Walking back, we passed a church with an old bell tower. Scanning the second-story windows across the street, she wistfully
recalled waking up to hear all the church bells ringing together. “I was frightened! Katie had been keeping me home, for fear
of the epidemic. She put her arms around me, saying that it was for the Armistice. The War was over, and we were so happy
…”

In the car, she doubled over and hugged her middle, grieved to the point of sickness. Justine’s specific indifference to scenes
of late-century ugliness around us revealed nostalgia as quite unrelated to the relative beauty of a given time. I’d never
before thought of it like that. Our social ills did not impress a memory that contained sweatshops and Hell’s Kitchen. No,
it was something other that distressed her, and it was with foreboding that my attention focused on a number, well recalled
from my research, on the other side of the street. With trepidation, I pointed out a location, which had come to house a realty
firm.

She cupped her hands over her mouth. “I can’t recognize it anymore.” Profound tragedy was in her quavering voice. “Katie lit
the window around the Christmas tree to make it easier for me to find my way. I didn’t think—never imagined it like this,”
she sobbed. “The loss! I’m the same, but everything is gone!”

That was the conundrum, I discovered. The classic quandary of the immortal is only the human condition raised to a higher
power. Oh God, we think so little; we view ourselves as priceless and value that about us so poorly. We strain toward the
supposed potential of an unknown future. Then that future comes for us, and we find ourselves alone, in a strange and uncaring
ghost-world.

Trying to seize the moment, I stressed to her that she was
not
the same. This was precisely why she must embrace, even magnify, her recent memories and persona, to whom this City would
be a wonderful adventure. As we were talking Justine here, I was tempted to head uptown, attempt to divert her with the thriving
sex industry. But comprehension paled when I would try to explain the simplest causal relationships. She broke down in sadness
and frustration, like a coma victim who had awakened to a world that had passed her by. Immersed in the baseline reality of
the other Justine, the jumbled contents of her present life were making little or no sense.
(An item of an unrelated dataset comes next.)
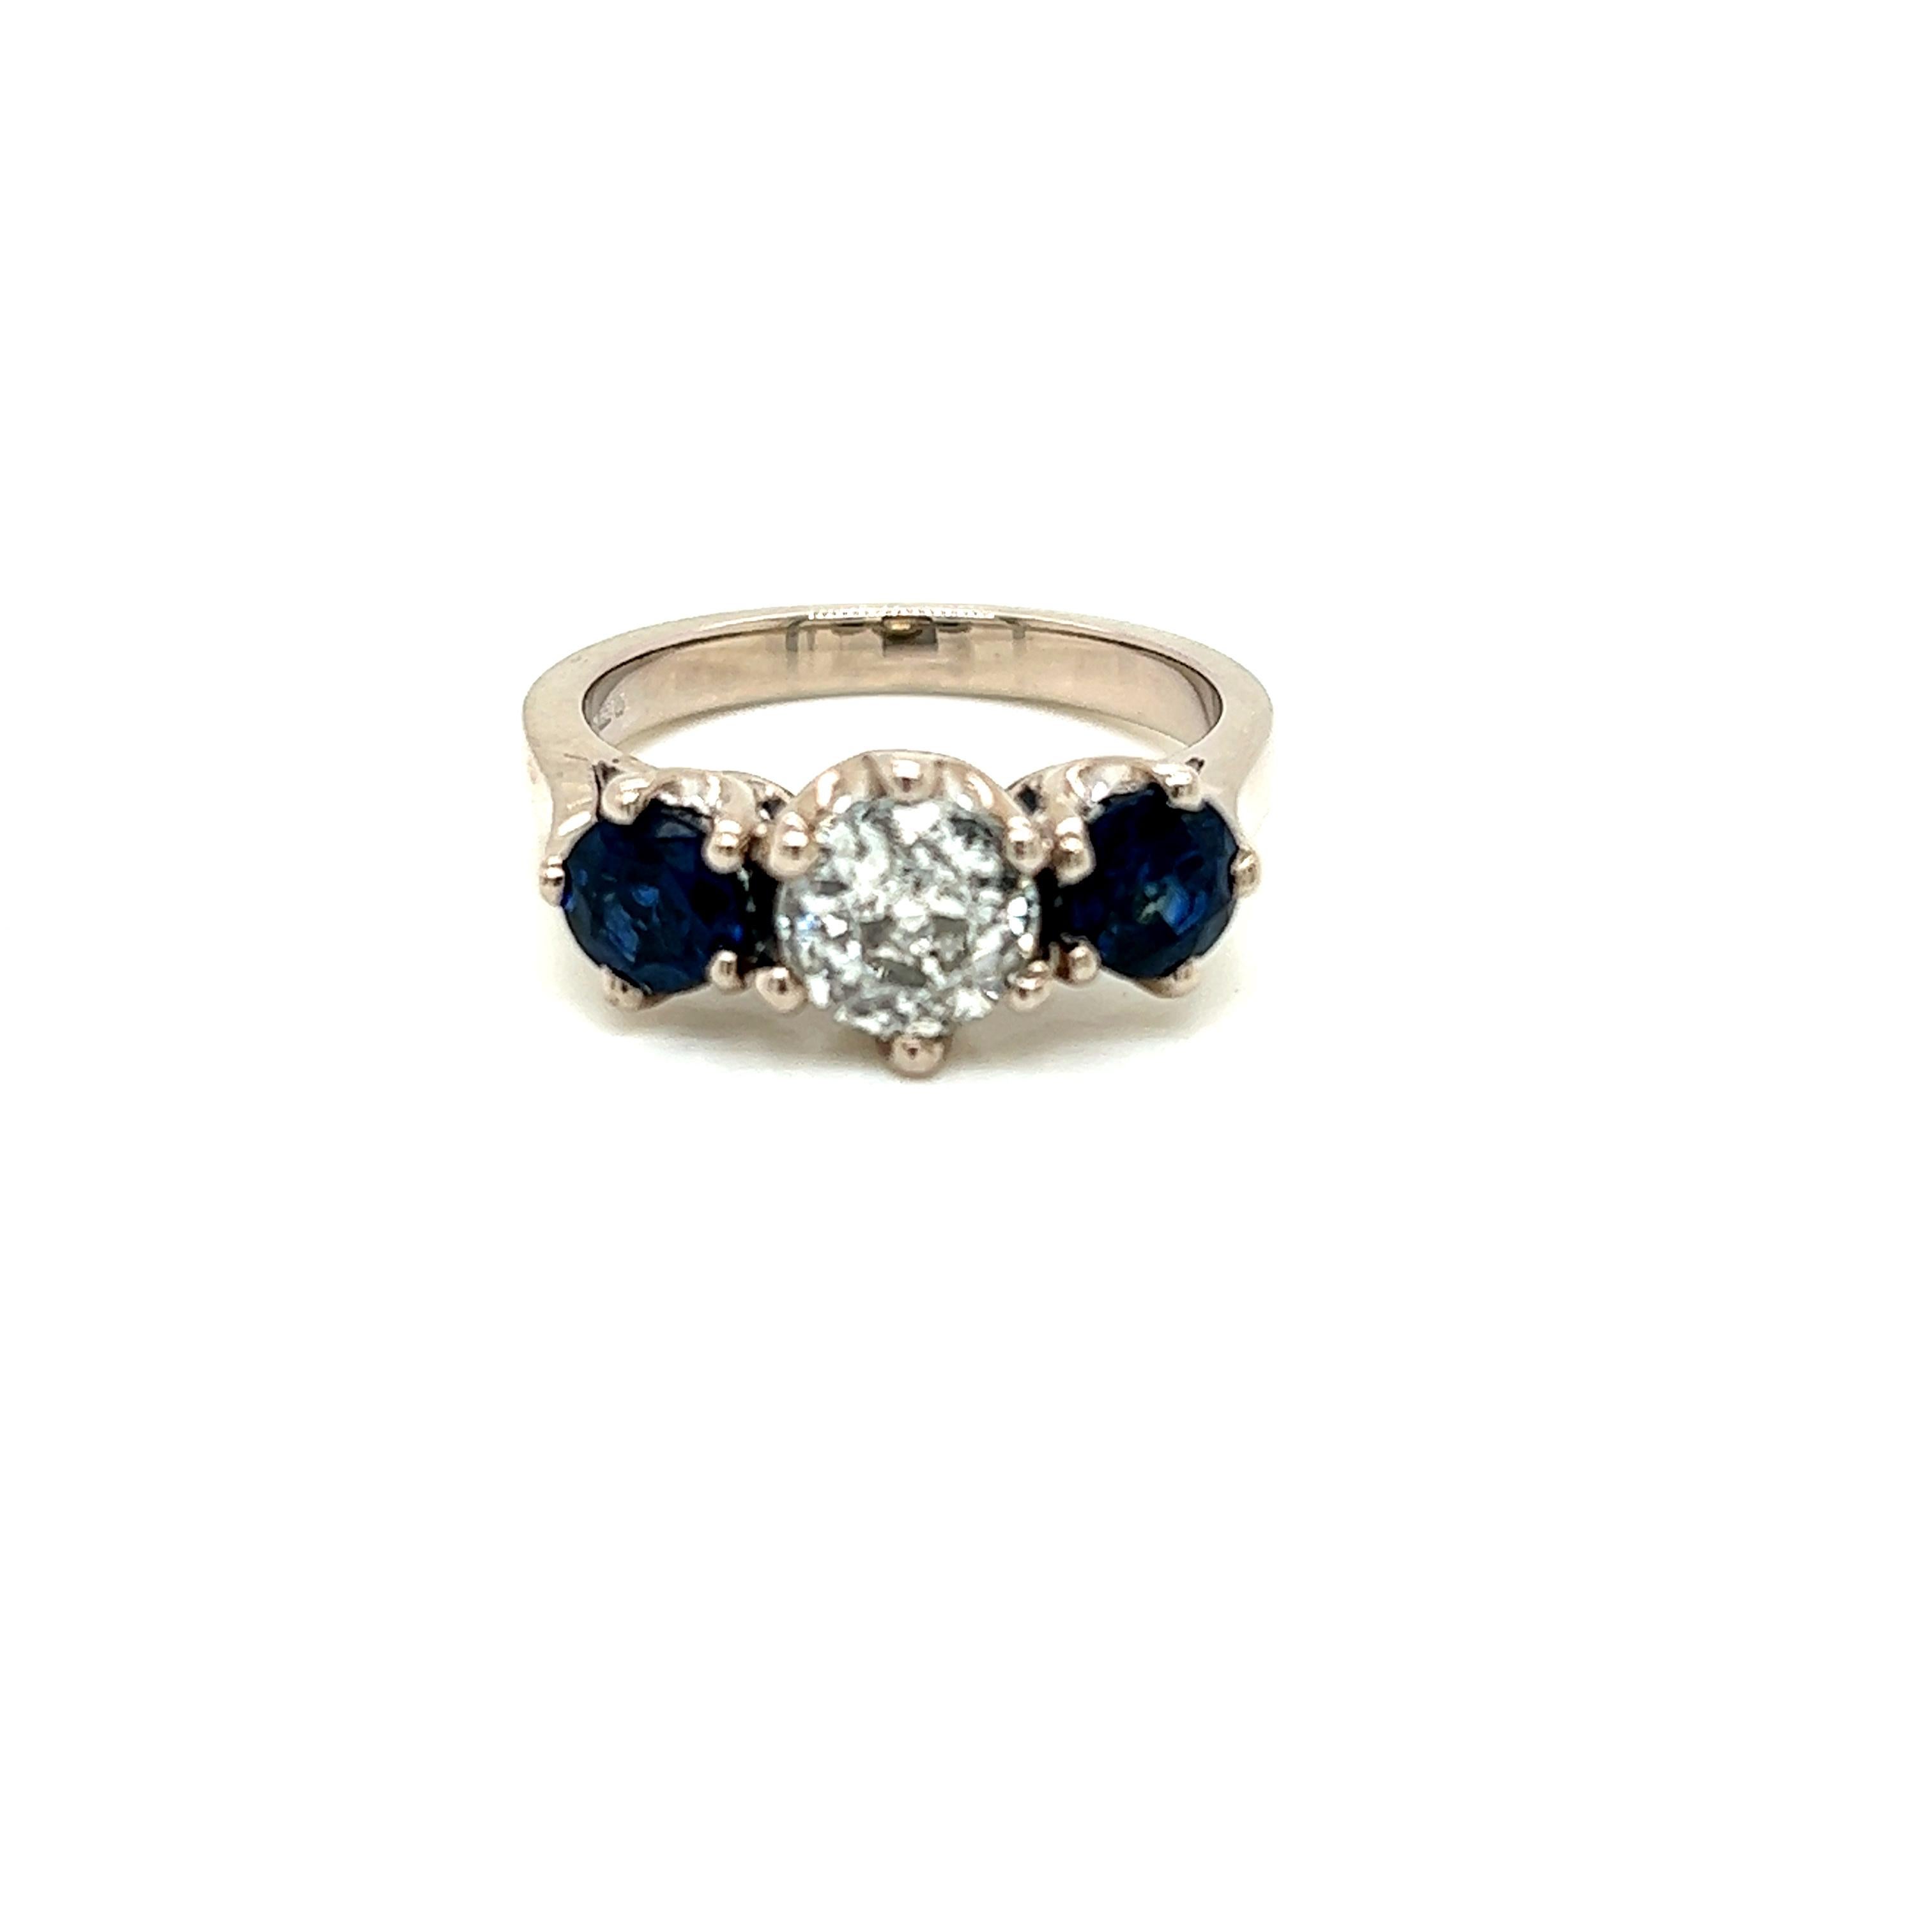 Dieser bezaubernde Ring ist mit einem schönen runden Brillanten von 0,85 Karat und einem runden blauen Brillantsaphir an beiden Seiten des Rings auf einem Band aus 18 Karat Weißgold besetzt.

Der Diamant in der Mitte des Rings wiegt 0,85 Karat und

“I cannot construe what you’re even talking about. This is Aldous’s brave new world? It’s
unmentionable!
Quel cauchemar.
Let go of me, and I’m lost in a hellish nightmare.” I tried again to reassure her that she had
not
remained the same. There was a part of her that was familiar with all this, could cope with it, but she was not to be consoled.
Again, I swore never to abandon her. Even so, I was all too aware that I could be torn from her, and what would become of
her then?

Minions of society all march to pretty much the same general orders: “If it looks different, shoot.” A predictable commitment
authorization from next of kin would have nothing whatsoever to do with any legitimate considerations. No help there. But
taking her home to Atlanta, to shelter and isolation, left me uneasy.